Silakan ditambah wewangian secukupnya.
Jika bagian muka dibuka untuk sementara, bila ada pihak keluarga yang
hendak melihatnya, maka tutupilah dengan kain.

d. Tambahan
Sebelum dimandikan, dikafani dan dishalati usahakan jenazah
menghadap kiblat, yaitu dengan melentangkan jenazah ; dengan kepala
di sebelah utara dan kaki ke sebelah selatan.
Pada waktu dishalati, jenazah diganjal bagian kiri badannya agar
menghadap kiblat.
Pada waktu dikafani sebaiknya begian-bagian lipatan dan yang sering
bersentuhan diberi kapas agar terhindar dari kelecetan.

MENYALATI JENAZAH
a. Hukum Shalat Jenazah
Shalat jenazah hukumnya wajib kifayah. Hal ini berdasarkan perintah
rasulullah saw kepada para sahabat, ketika ada sahabat yang wafat di
perang khaibar. Perintah dalam hadis tersebut tidak menunjukan wajib 'ain
karena sudah dibatasi oleh shalat yang lima waktu sehari semalam. Dan
cukup shalat jenazah ini dilakukan oleh sebagaian kaum muslimin.
b. Keutamaan Shalat Jenazah
Barangsiapa mengikuti pengurusan jenazah kemudian menyalatinya, maka
ia akan mendapat satu qirot. Dan barangsiapa mengikutinya sampai
dikuburkan maka baginya dua qirot. Ditanyakan, apakah dua qirot itu ?
Beliau menjawab, Seperti dua gunung yang besar. (HR Mutafaq Alaih)
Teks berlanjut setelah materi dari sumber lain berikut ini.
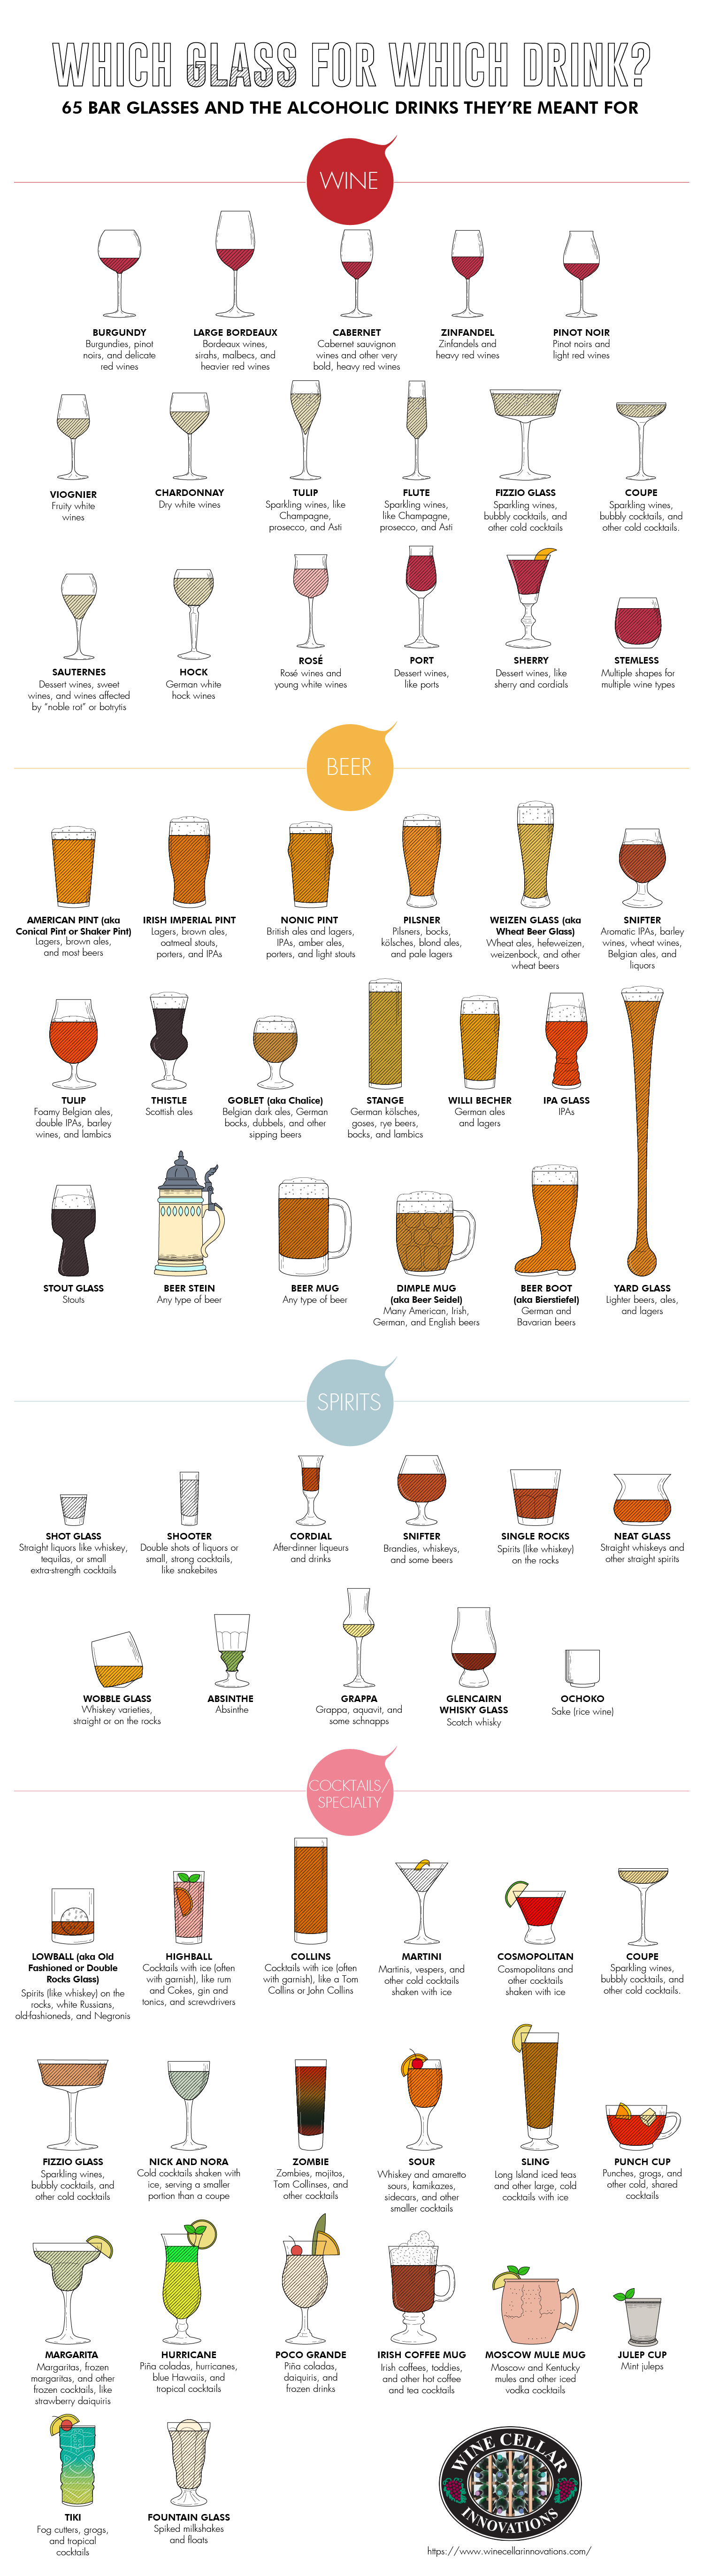 65 Bar Glasses and What For — Cool Infographics

c. Pengaruh Jumlah Yang Menyalati
Dari Ibnu Abas, ia berkata : Aku pernah mendengar Rasulullah saw bersabda
: "Tidak ada satupun seorang muslim yang wafat, kemudian dishalatkan
jenazah itu oleh sebanyak 40 orang laki-laki yang tidak musyrik kepada
Allah sedikitpun, pasti Allah akan mengabulkan permohonan mereka kepada
jenazah itu." (HR Ahmad 1/290, Abu Daud 3/675)
d. Melaksanakan Shalat Jenazah Di Mesjid
Dari Abu Salamah bin Abdurrahman, sesungguhnya ketika Saad bin Abi
Waqos wafat, Aisyah berkata, Masukkanlah jenazah itu ke mesjid sehingga
aku dapat menyalatinya. Tetapi ternyata perintah itu ditolak. Maka Aisyah
berkata, Demi Allah, Sesungguhnya Rasulullah saw menyalati jenazah dua
anak baidha, yaitu Suhail dan saudaranya di dalam mesjid. (HR Muslim
1/248)
Sesungguhnya orang mukmin itu tidak najis, baik ketika hidupnya ataupun
sesudah menjadi jenazahnya. (HR Bukhari, Al-Fath 3/161)
e. Shalat Jenazah Di Atas Kuburan
Dari Abu Hurairah, bahwasanya seorang perempuan berkulit hitam yang
biasa berada di mesjid, ia senantiasa menjaga kebersihan mesjid, ia
meninggal, sedangkan Rasulullah saw tidak mengetahuinya, lalu pada suatu
hari ia menyebutnya dan bertanya, apa yang dilakukan orang itu ? Maka
sahabat menjawab, Ia sudah wafat. Sabda Rasulullah saw, mengapakah
kalian tidak memberitahukan kepadaku ? Lalu Rasululah saw berkata,
Tunjukkanlah kuburannya kepadaku. Lalu mereka menunjukkannya, maka
Rasulullah saw mendatangi kuburannya dan melakukan shalat di atasnya.